According to the Bank of Latvia, Latvia’s economic growth slowed down at the end of the year due to the deterioration of the epidemiological situation, which was also forecast by the bank’s experts in the September forecast, but was further implemented by the House and strict restrictions. In the third quarter of 2021, private consumption recovered, however, spending on foreign travel without contributing to the Latvian economy is increasing. The increase in the price of construction materials and equipment exceeds the estimated costs of investment plans and slows down activity. Exports are still constrained by service restrictions.

“Even at the beginning of next year, the economy will be in the shadow of a pandemic. In addition, the requirement for a Covid-19 certificate for full-time workers in the conditions of a tight labor market, as well as the deterioration of the epidemiological situation and restrictions in Europe will have to be taken into account, ”emphasizes the Bank of Latvia’s experts.

At the same time, according to the Bank of Latvia, the factors hindering growth will subside next year.

“Global factors such as rising energy prices and supply disruptions are expected to ease significantly in the second half of next year,” the Bank of Latvia said, adding that companies in Latvia feel less painful about raw materials than in other European countries.-

Experts from the Bank of Latvia also point out that investments will play an important role in growth, which will be facilitated by the substantial financing of NextGenEU and the construction of Rail Baltica. Even though rising construction material prices may discourage investment and corporate lending remains weak, a shortage of skilled labor is driving automation.

“As uncertainty diminishes, the funds accumulated during the constraints will be spent, boosting private consumption growth. The development of exports will be determined by the recovery of external demand, assuming that cost competitiveness does not decrease Latvia’s export market shares in the world, ”notes the Bank of Latvia.

The central bank also points out that the rise in unemployment can be curbed by adapting to work remotely and by state support for a limited period. However, the requirement for Covid-19 certificates for full-time workers without everyone being vaccinated will add to the ranks of the unemployed.

“As the availability of labor declines, the pressure on wages is increasing.

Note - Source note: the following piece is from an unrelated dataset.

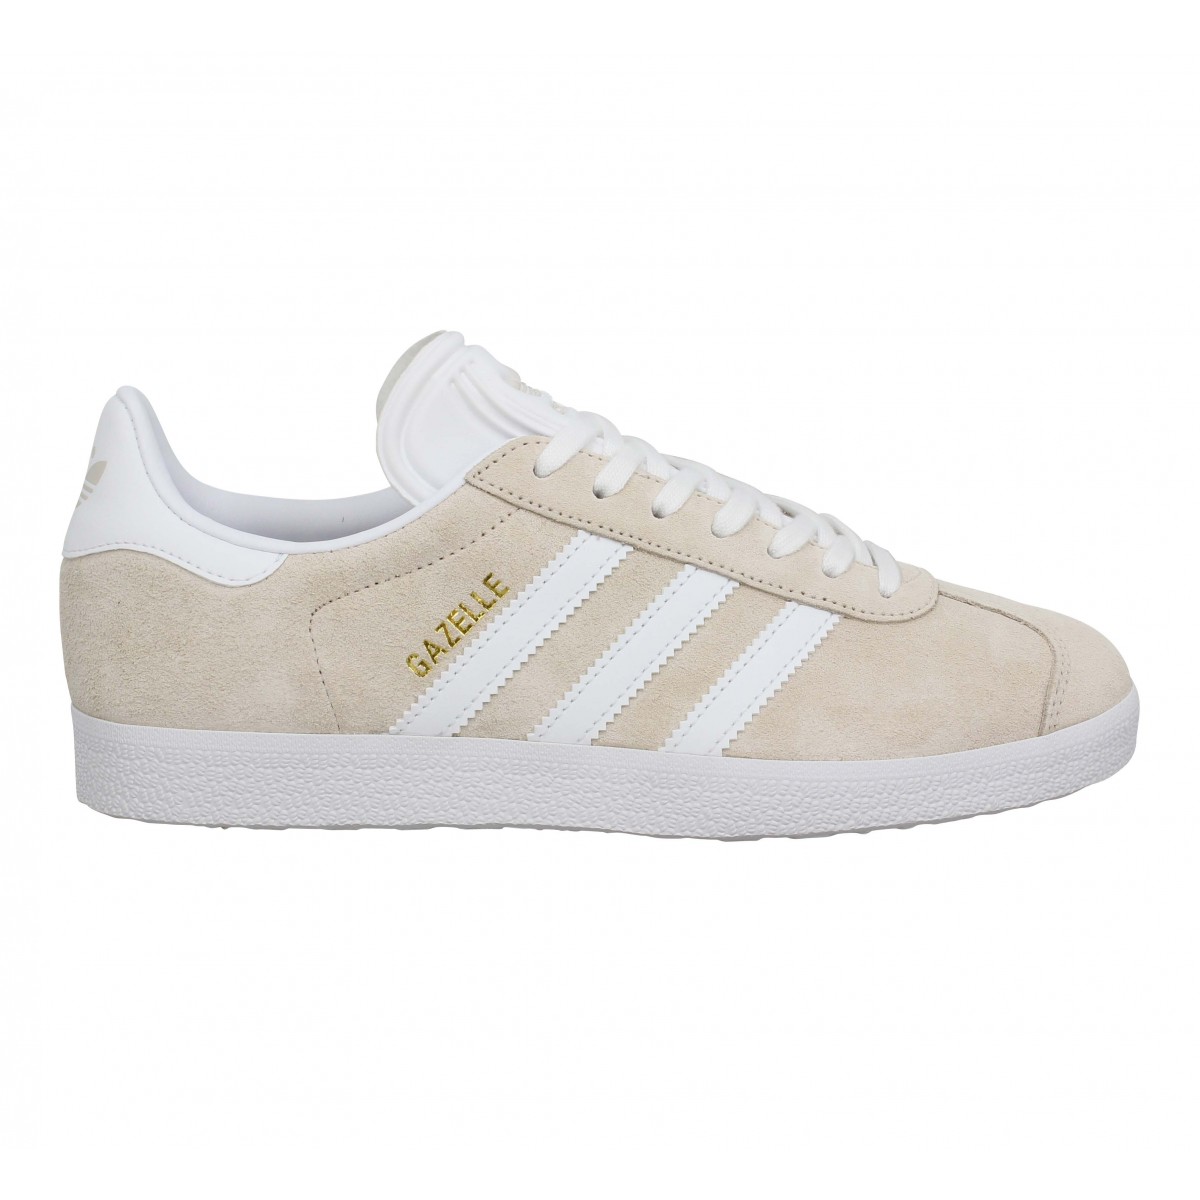 Chaussures Adidas gazelle velours lin femme homme | Fanny chaussures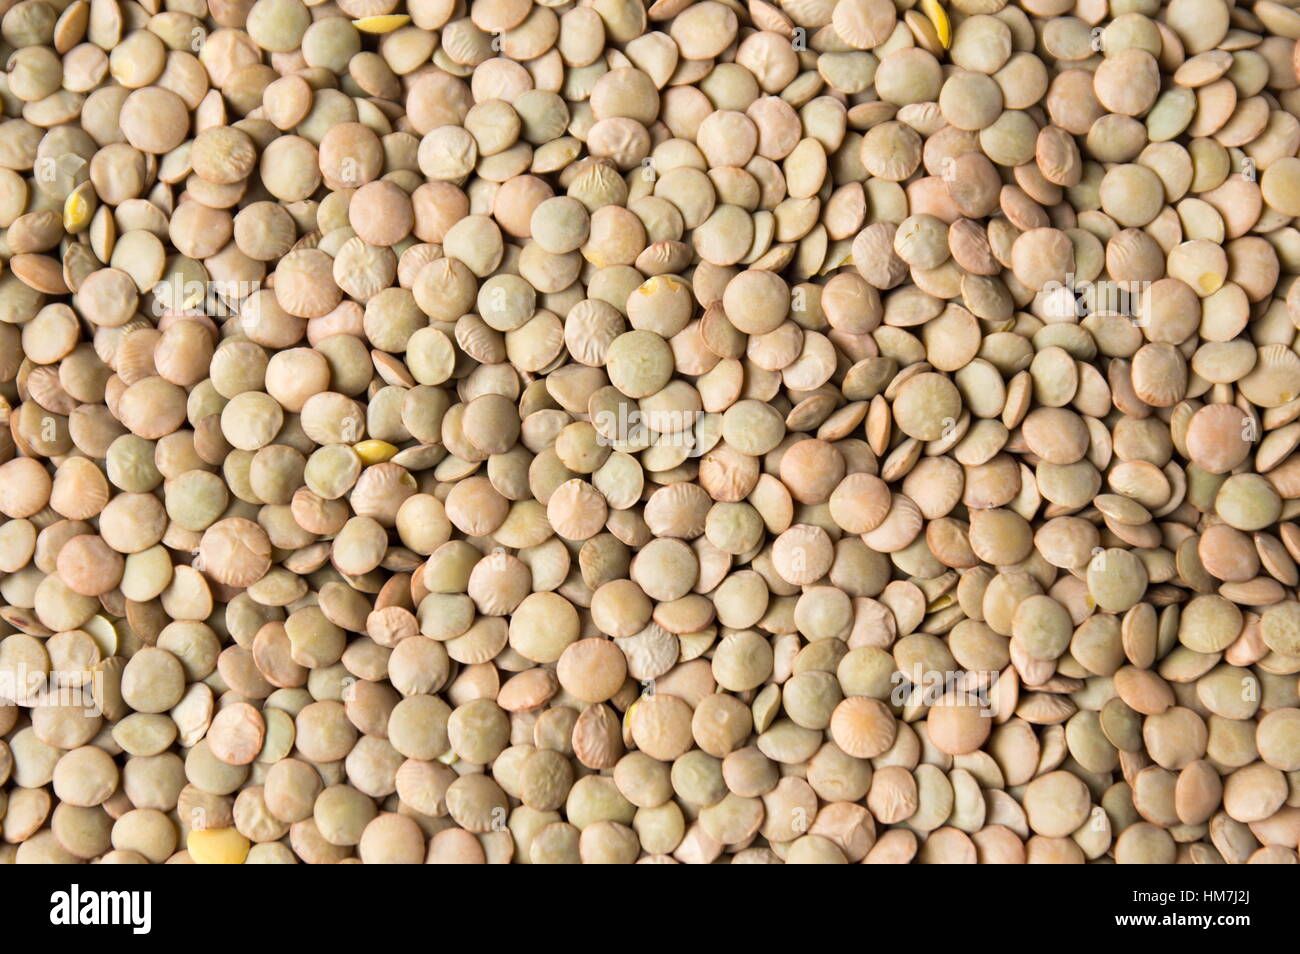 Bunch of raw lentil forming a background pattern Stock Photo

The wage growth forecast for 2023 has been increased and reflects the labor shortage and the public administration wage reform plan, ”said the Bank of Latvia’s experts, adding that the pandemic marked significant differences in income dynamics among lower and higher paid employees, raising income inequality and social support issues.

According to the Bank of Latvia’s forecast, the nominal gross salary in Latvia will grow by 8.9% in 2021, by 7.5% in 2022, by 6.1% in 2023, and by 5.9% in 2024.

The Bank of Latvia’s experts also mention that the general government budget deficit is growing as economic growth slows, while the government increases spending to mitigate the effects of Covid-19. These expenditures in 2021 will be more than 2.5 times higher than in 2020.

The Bank of Latvia expects that in 2021 the budget deficit will be 8.2% of GDP, in 2022 – 4.1% of GDP, in 2023 – 1.3% of GDP, and in 2024 – 0.4% of GDP. GDP. “The Bank of Latvia’s budget deficit reduction forecast includes only the current government decisions,” the Bank of Latvia emphasizes.